In a week when the on-line food media are publishing reports about what happened in the horse meat fraud scandal and the Chinese Government has identified a major food oil fraud the European Union issued a report that identified what they believe are the ten foods most likely to be fraudulent.

The report points to key factors likely to tempt the fraudsters.

Ease of creation. Greatest potential for profit. Reduced likelihood of discovery.
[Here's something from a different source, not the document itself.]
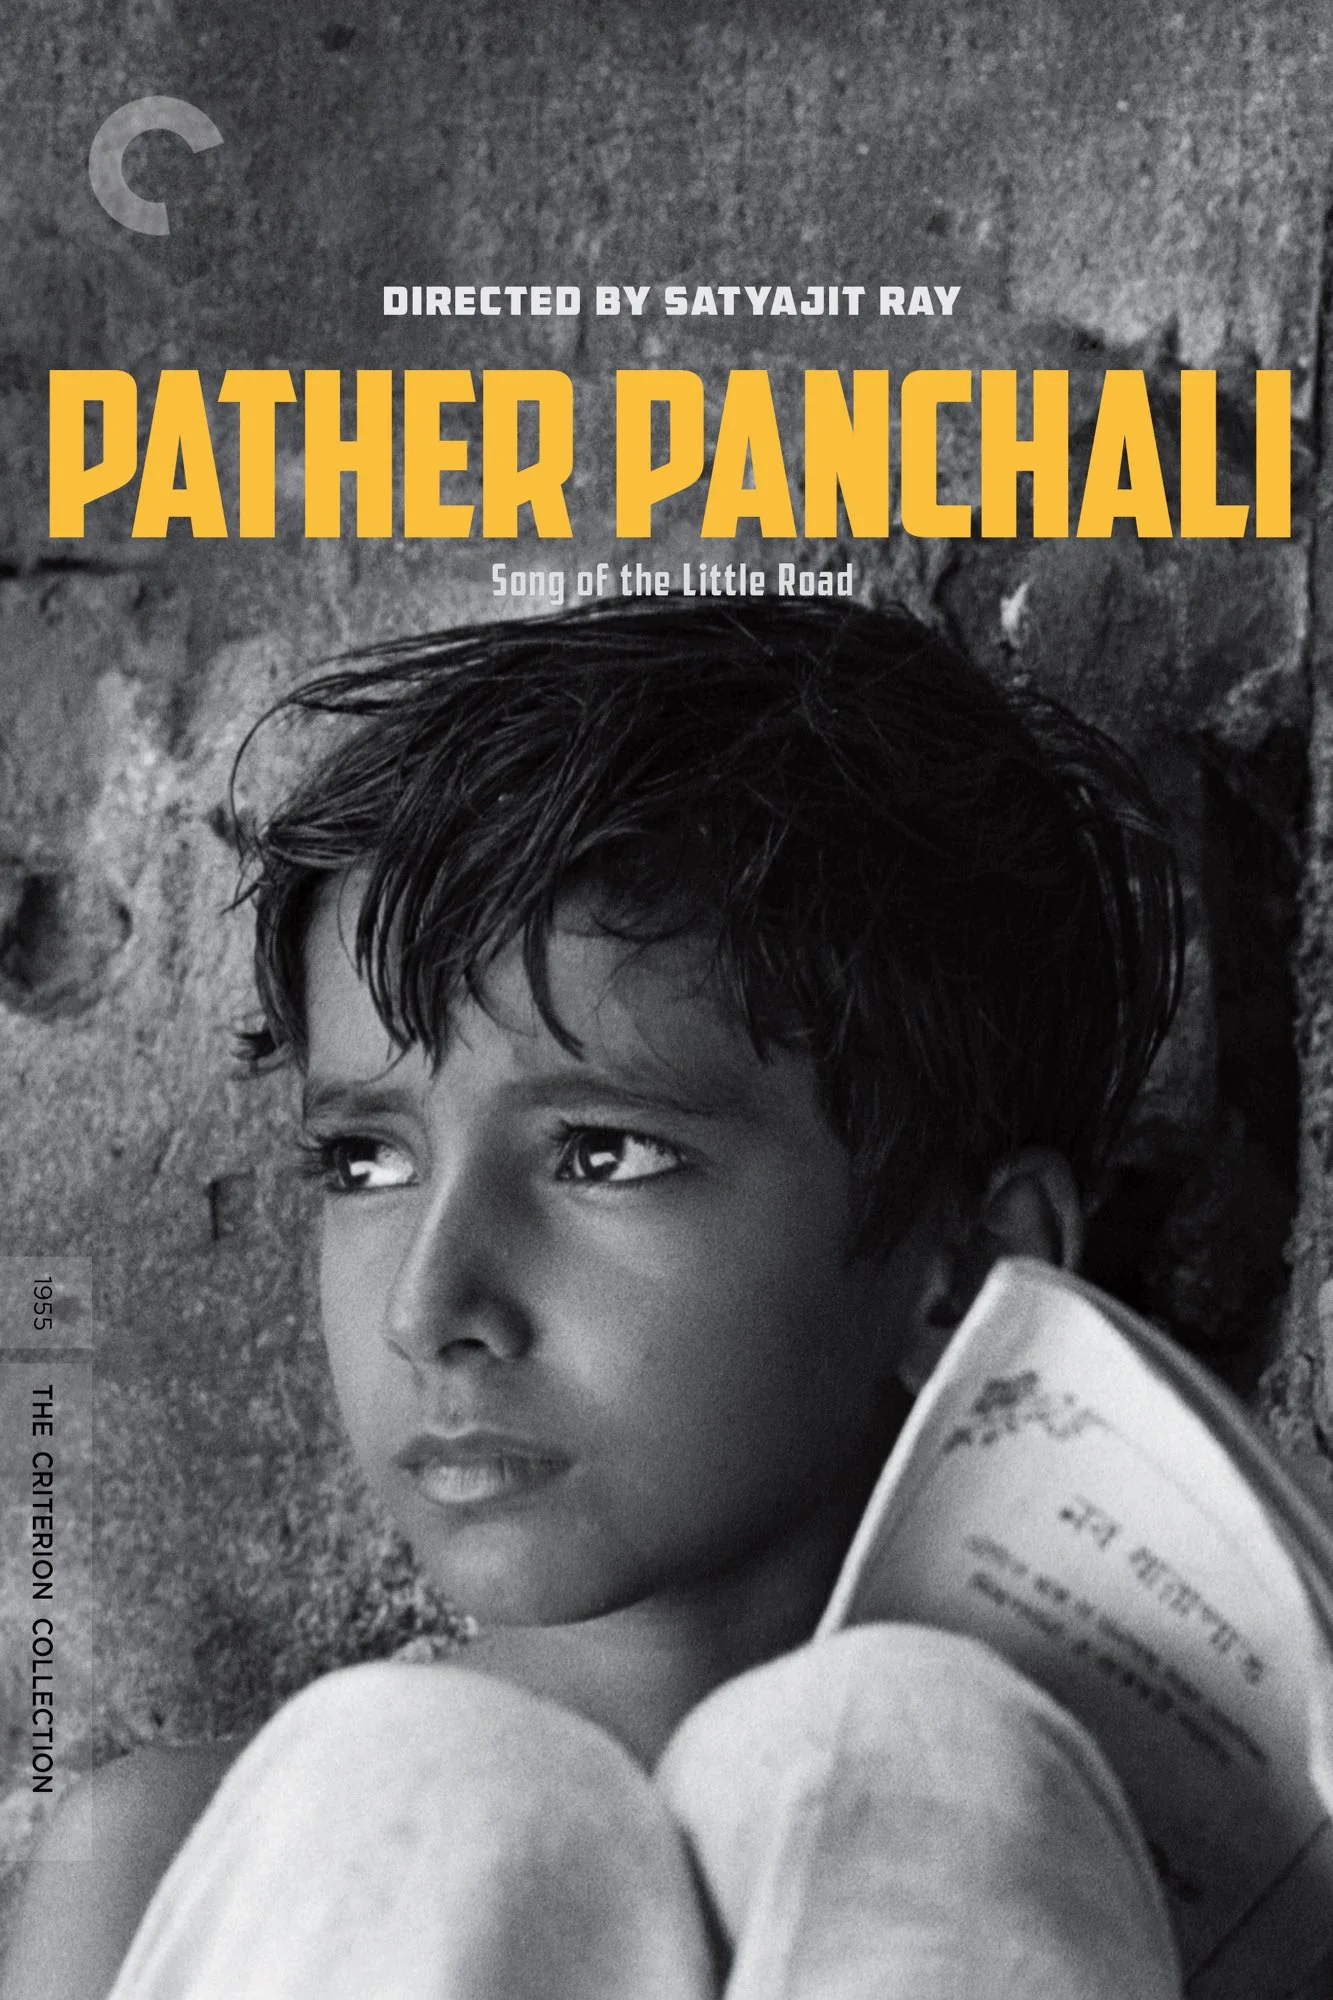 G20 Film Festival to open on Wednesday with Ray’s ‘Pather Panchali’: ستیہ جیت رے کی ‘پاتھر پنچالی’ کے ساتھ ہوگا جی 20 فلم فیسٹیول کا آغاز

The ten foods are:  Fish, Olive oil, and Organic food, Powders, Pastes or Milk, Grains, Honey and Maple syrup, Coffee and Wine, Spices, Tea and some Fruit juices.

Perhaps red meat was omitted because the food industry is now focussed and testing and therefore the fraud is most likely to be exposed, but what about high strength spirits like Vodka.

There are tests available that will expose many of the fraudulent products.

The country of origin of meat can be identified. The true identity of fish is but one genetic test away.

Are they used frequently enough?  Are they easy to use, quick to give a result and reasonably priced?

Who is developing the next generation or the tests to meet the challenges of the next fraudulent product?

All the products on the list have been publicly exposed when frauds has been exposed.

Are there any missing that were found by the food industry’s diligence in supplier monitoring?

What indicators do you use that may offer early warning of temptation to defraud?

A change in price in a tight market? A new supply of scarce ingredients at competitive rates? A new supplier with an unbelievable financial record?

Or will it sneak up on you?

A good supplier monitoring system is more likely to provide a food processor with better protection from fraudulent ingredients.

Testing can be considered the cherry on the cake of diligent supplier risk assessment.

If you systematically re-assess your approved suppliers list and review the way they do business then perhaps you may spot that one rare fraudster before you spot the fraud.